Tuesday, May 27, 2008

Cynthia McKinney For President. Seriously.

For the truly progressive out there, those not bound by party, but by idea, the notion of a Cynthia McKinney candidacy is not that outrageous an idea. For those people who support Sen. Clinton, if she were not to get the Democratic nomination, a vote for Cynthia McKinney is a chance to vote for the other woman running for president, without throwing your vote to an obvious misogynist like John McCain. For those more committed to the environmental issues than the issues of say, bowling scores, lapel pins, or any of the other issues that the corporate media has deemed important, she is the perfect candidate.
Cynthia McKinney was the first to call for an investigation into 9/11 and whether or not the Bush administration had advance notice of the attacks. Of course now, we know they received briefings and chose to ignore them. For this reason, she was targeted by Aipac and defeated that year in the Democratic primary. (Wouldn't want anyone looking too closely at something that was "good for Israel")
McKinney is best remembered for her altercation with Capitol police who tried to stop her from entering Congress as she was rushing to cast a vote on a bill. (And why was she stopped?
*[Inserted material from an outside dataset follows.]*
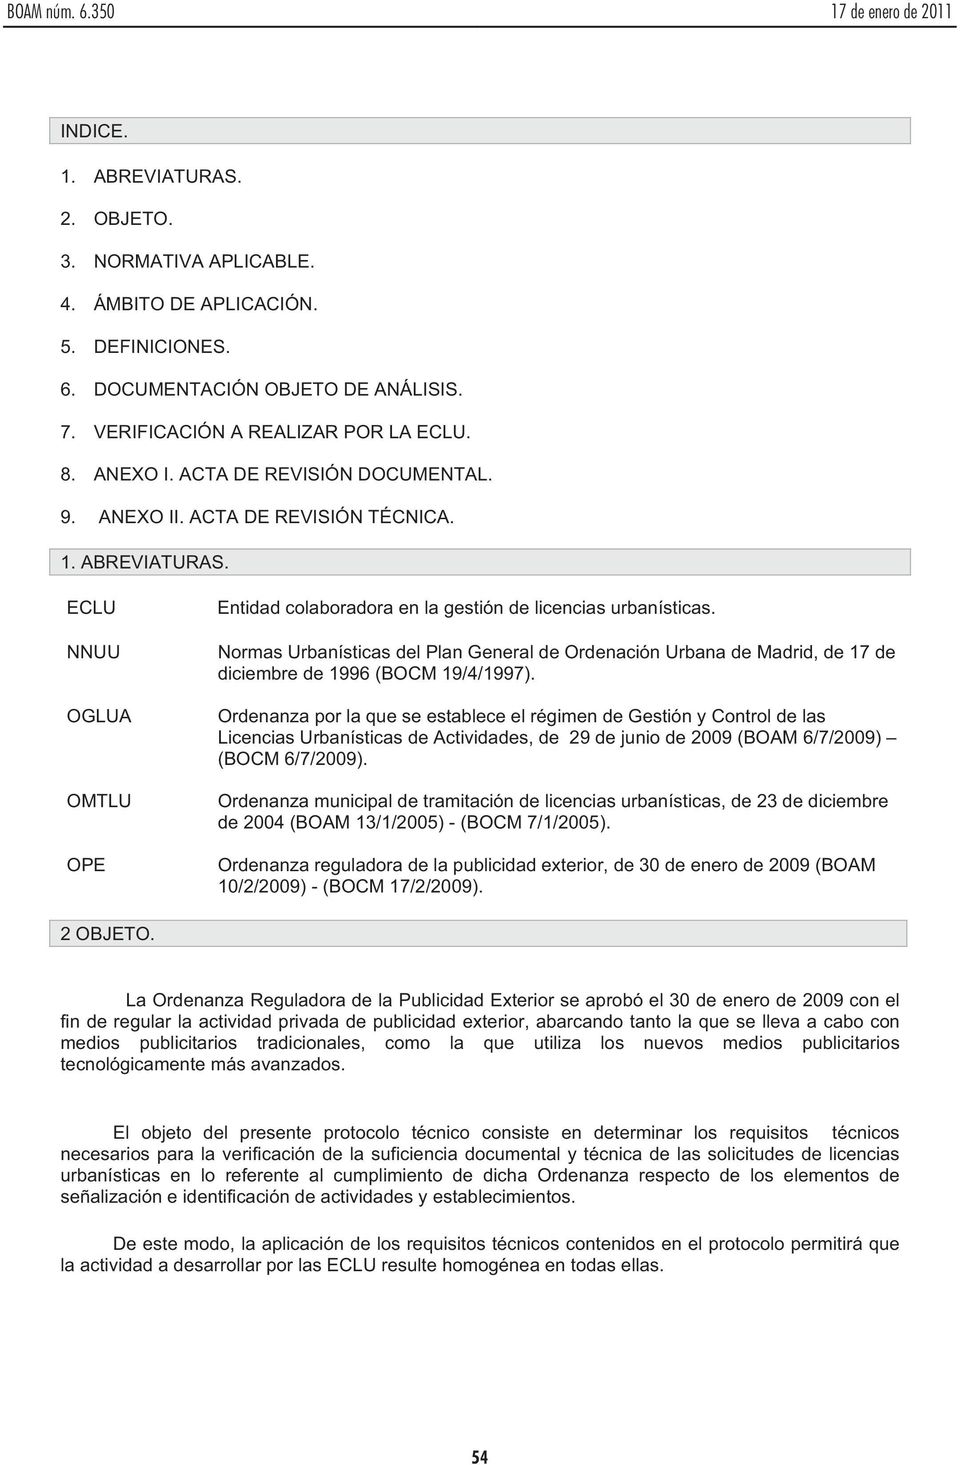 Normas Urbanísticas del Plan General de Ordenación Urbana de Madrid, de 17 de diciembre de 1996 (BOCM 19/4/1997).

Because she wasn't wearing her lapel pin!) McKinney later apologized and no charges were ever filed, but it was fodder for the right wing noise machine for quite some time, in an "uppity n***** bitch doesn't know her place" kind of tone.
Or you could vote for the same old same old, and point fingers at each other because the country's still fucked up and continue to play out the same old dramedy year after year, until you move away from the corpocracy, you'll always be their prisoner.

2 comments:

Kathy said...

Another woman candidate? I say the more the merrier, although I'm sure Ralph Nader might object.

Graeme said...

I agree the more candidates the merrier. I think she gets the "9/11 truth" crowd, who I think are hopelessly wrong, but she is definitely more progressive than the three corporate candidates.